Exercise data
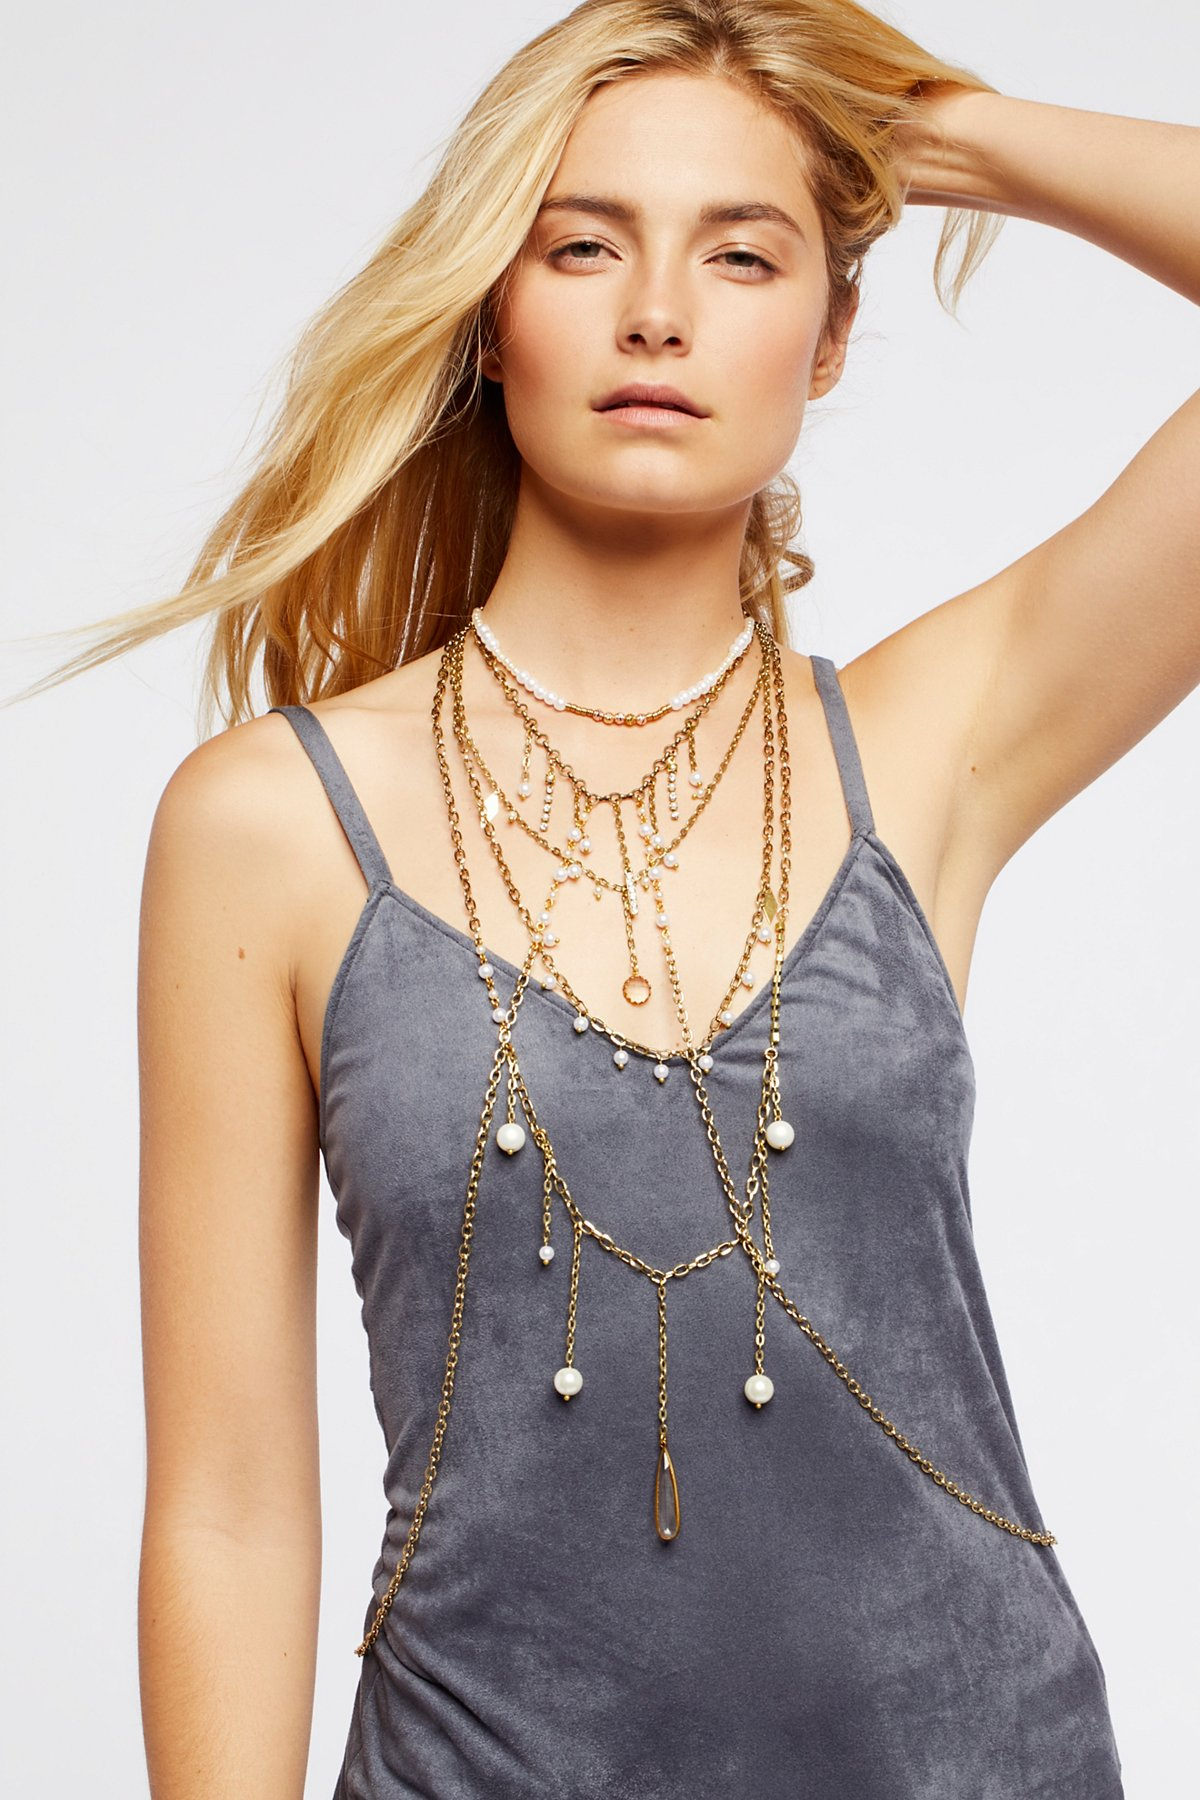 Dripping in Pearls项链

--

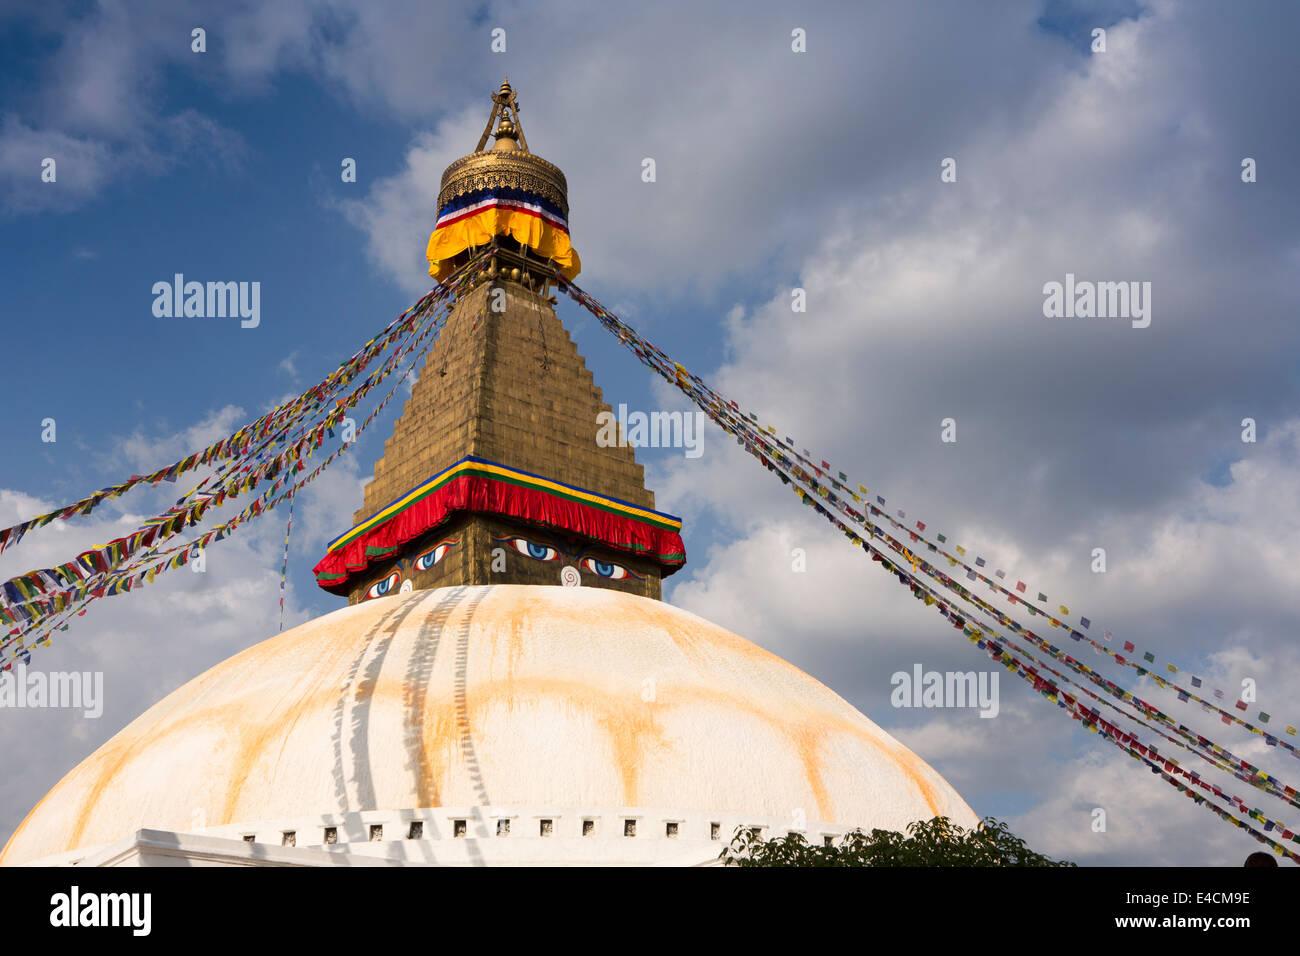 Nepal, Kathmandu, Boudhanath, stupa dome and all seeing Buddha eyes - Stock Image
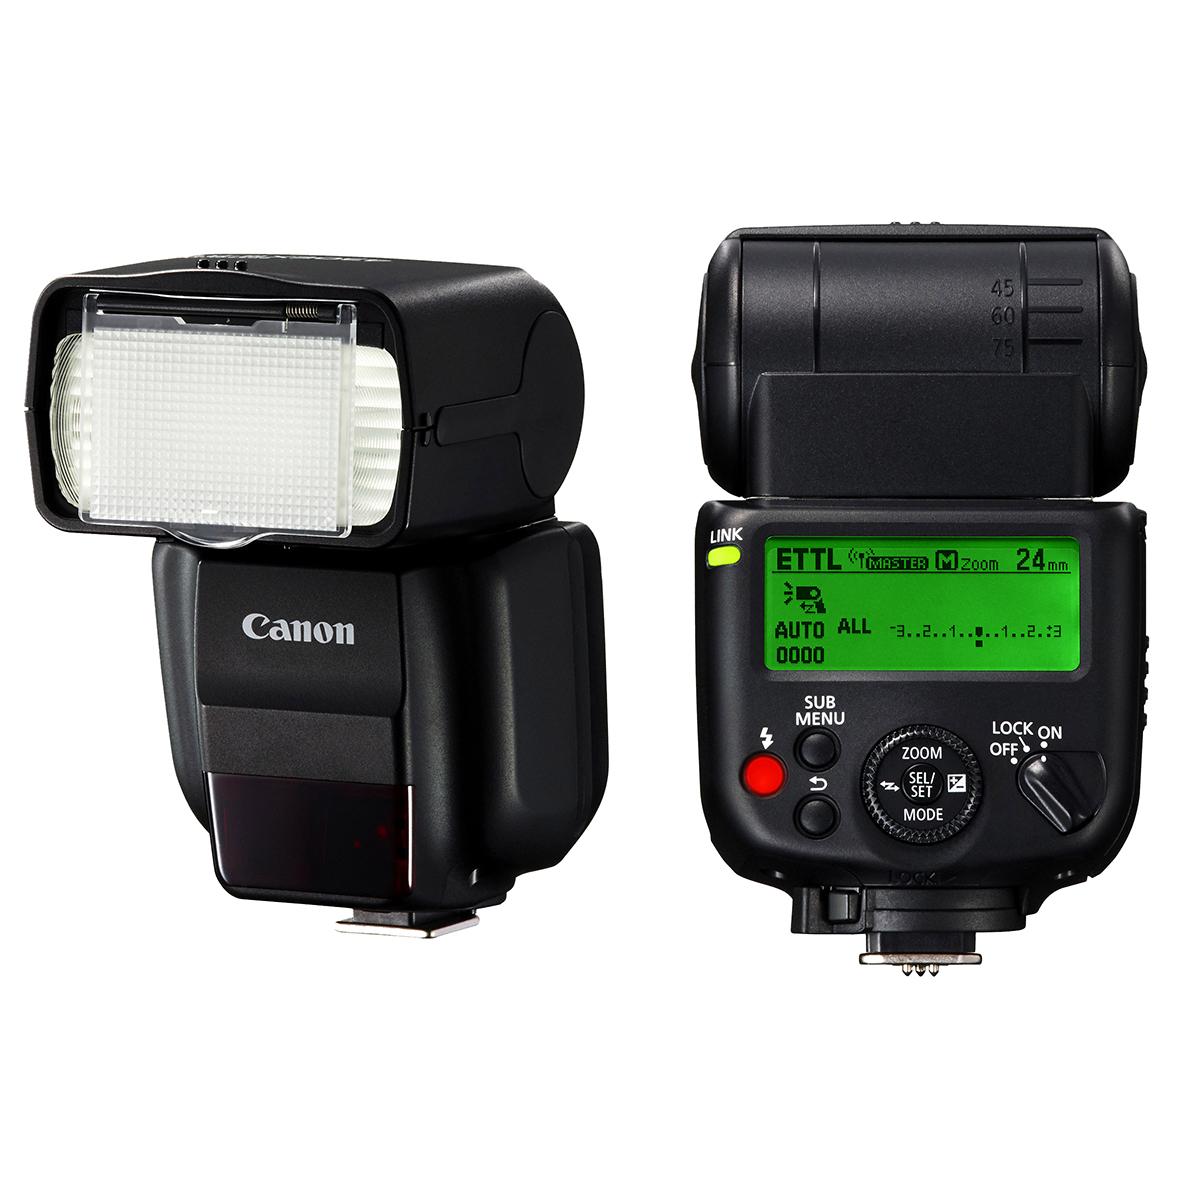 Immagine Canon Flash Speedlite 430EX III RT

What you are asked to do
Using the entries above, extract exactly the lines from the one that contains "Nepal, Kathmandu, Boudhanath, stupa" through the one that contains "Immagine Canon Flash Speedlite 430EX III RT". Do not carry over any pictures.

Result for this exercise
 Nepal, Kathmandu, Boudhanath, stupa dome and all seeing Buddha eyes - Stock Image
 Immagine Canon Flash Speedlite 430EX III RT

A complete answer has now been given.